Among other things, in the parish church of San Costantino Albanese in Basilicata, he is depicted on horseback.

But not only was imperial power closely linked to these horses, formidable machines from antiquity. There is a funny episode in the history of the Byzantine church, told with malice by the chroniclers. The very young patriarch of Constantinople Stephen I, Photius’ successor, had hymns and litany added to the solemn liturgy because during one of his celebrations in Santa Sofia he received the news of the impending birth of his beloved mare and wanted to go immediately to check the stables without interrupting the fair.

Therefore, pastors and politicians who love cars or who are passionate about Formula 1 have excellent forerunners, and the recent car museum, just inaugurated in San Demetrio Corone, is part of an ancient and noble tradition. It has nothing to do with it, you say? Elsewhere, Dante also wrote that as a child he wants a nice apple as a gift, but when he grows up, he wants a beautiful horse, as if to say: it is in the nature of things that modern man loves machines , which in the meantime has replaced horses.

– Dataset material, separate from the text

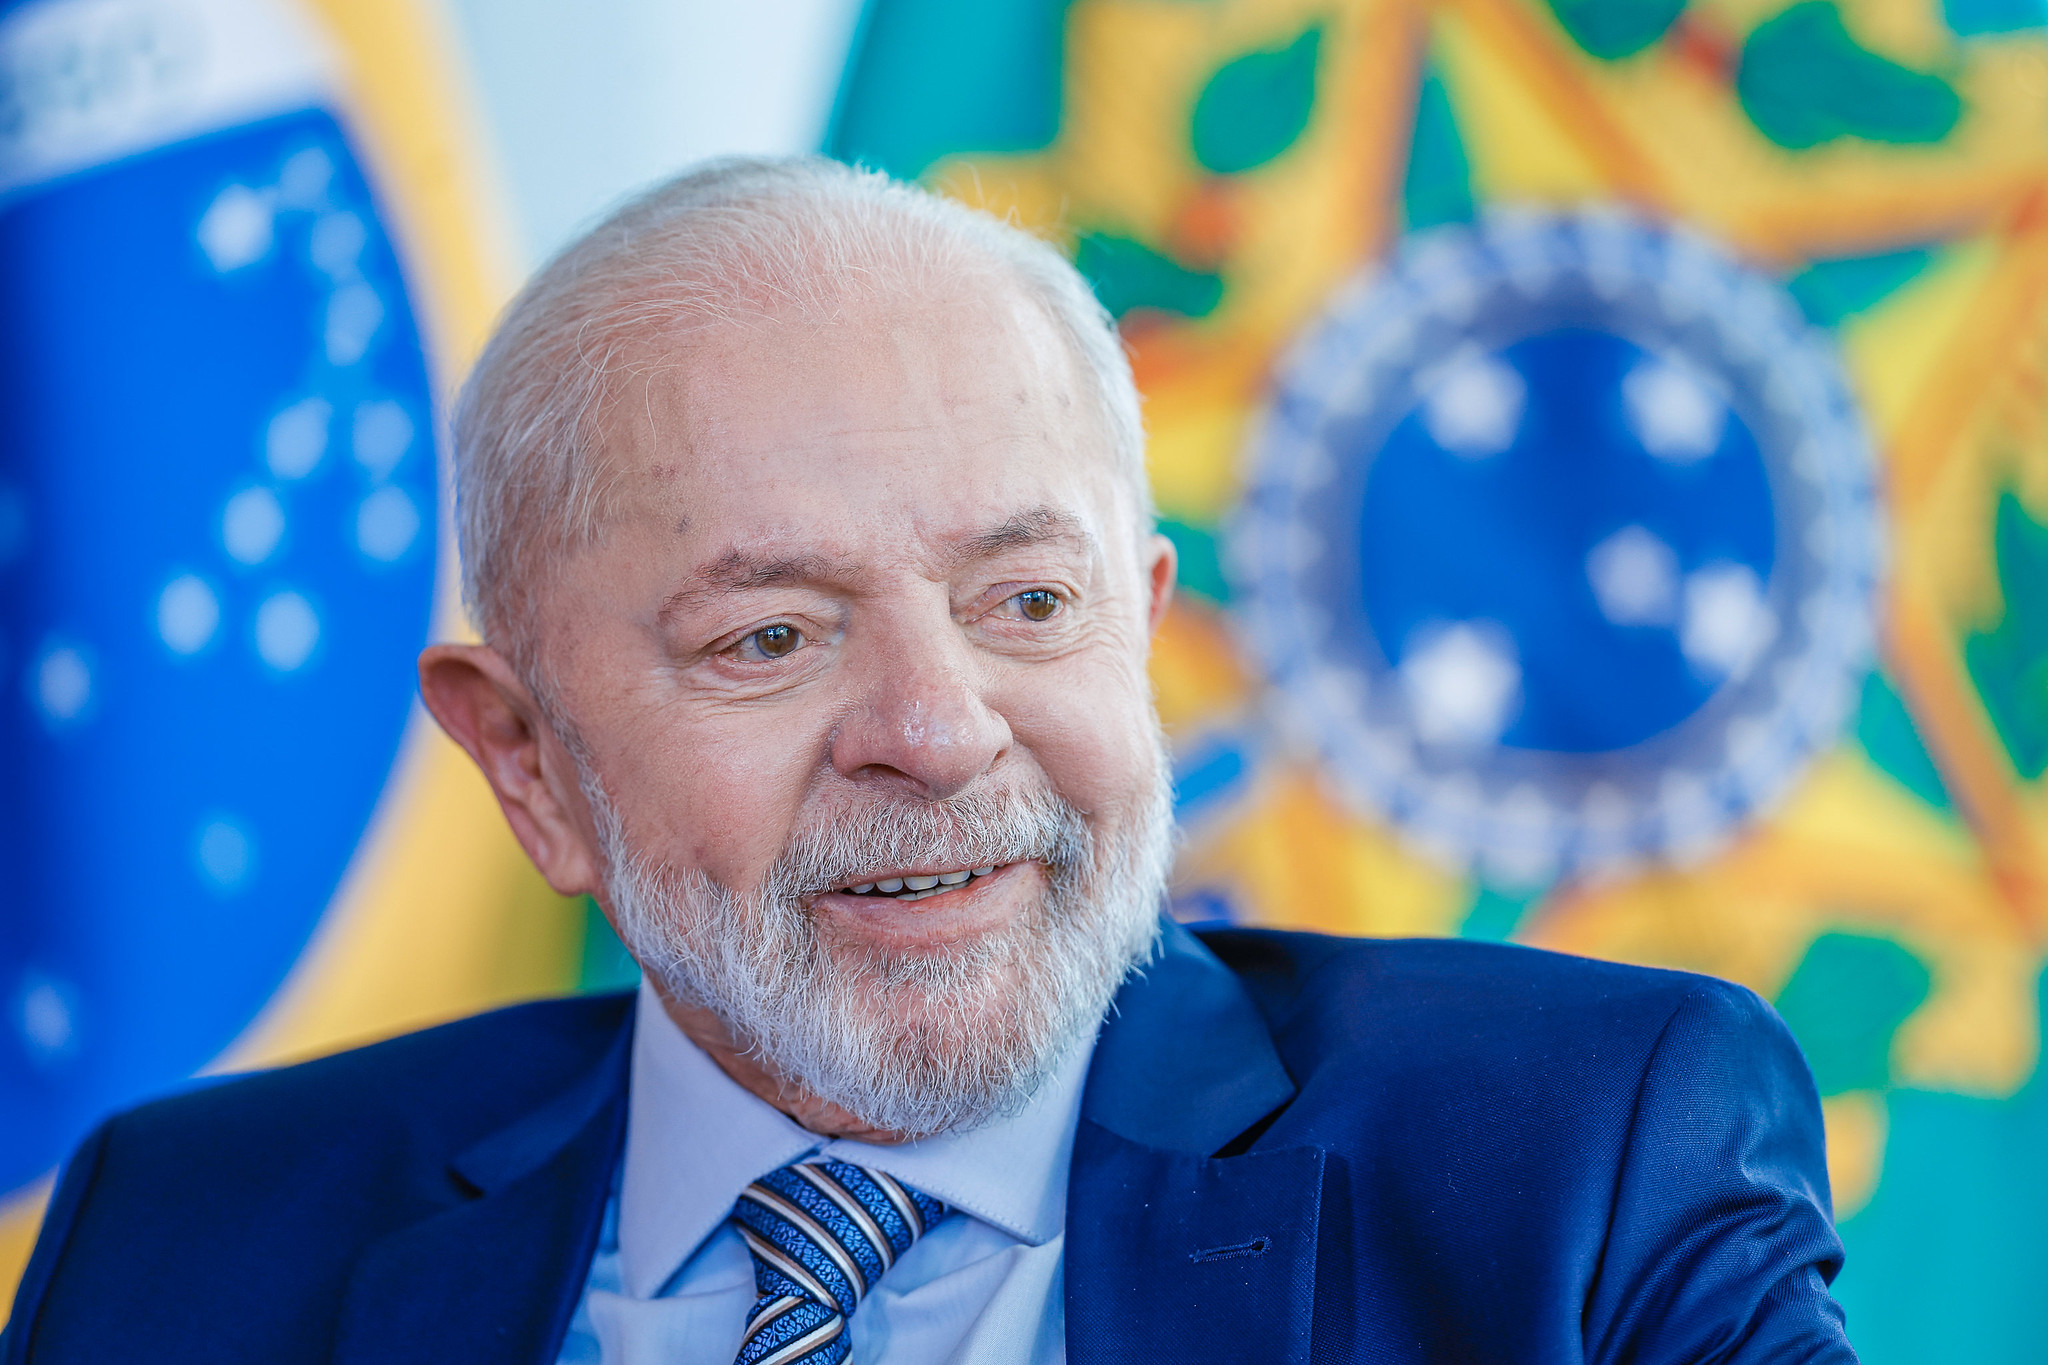 Luiz Inácio Lula da Silva (PT), presidente da República (Foto: Ricardo Stuckert/PR)

It is also said of St. Paul that he fell from his horse. In one of Brueghel’s paintings, it is difficult to identify Saint Paul: he is confused among the many other figures, almost miniatures, that make up the canvas. Some critics interpret: a person who fell from a horse was for those around him a simple common fact, banal; important things happen without the contemporaries being aware of it. No one at that time understood the significance of that event. Mutatis mutandis, a museum of cars, if it seems to be of little importance in the things of the big world, rightly placed in the Calabrian cultural panorama, becomes a drop that enriches the fresh wave that pushes the healthy passion for cars towards the future.

Machines are a metaphor for beauty, strength, style, unstoppable technological development. The flaming exhibitors appear proud of their significance and are wisely presented in the context of the times with hints also to the cinematic films in which they appeared. They are newly restored, they look like they have just come out of the factory, with sparkling chrome. They are made of fabric and in a sense of light.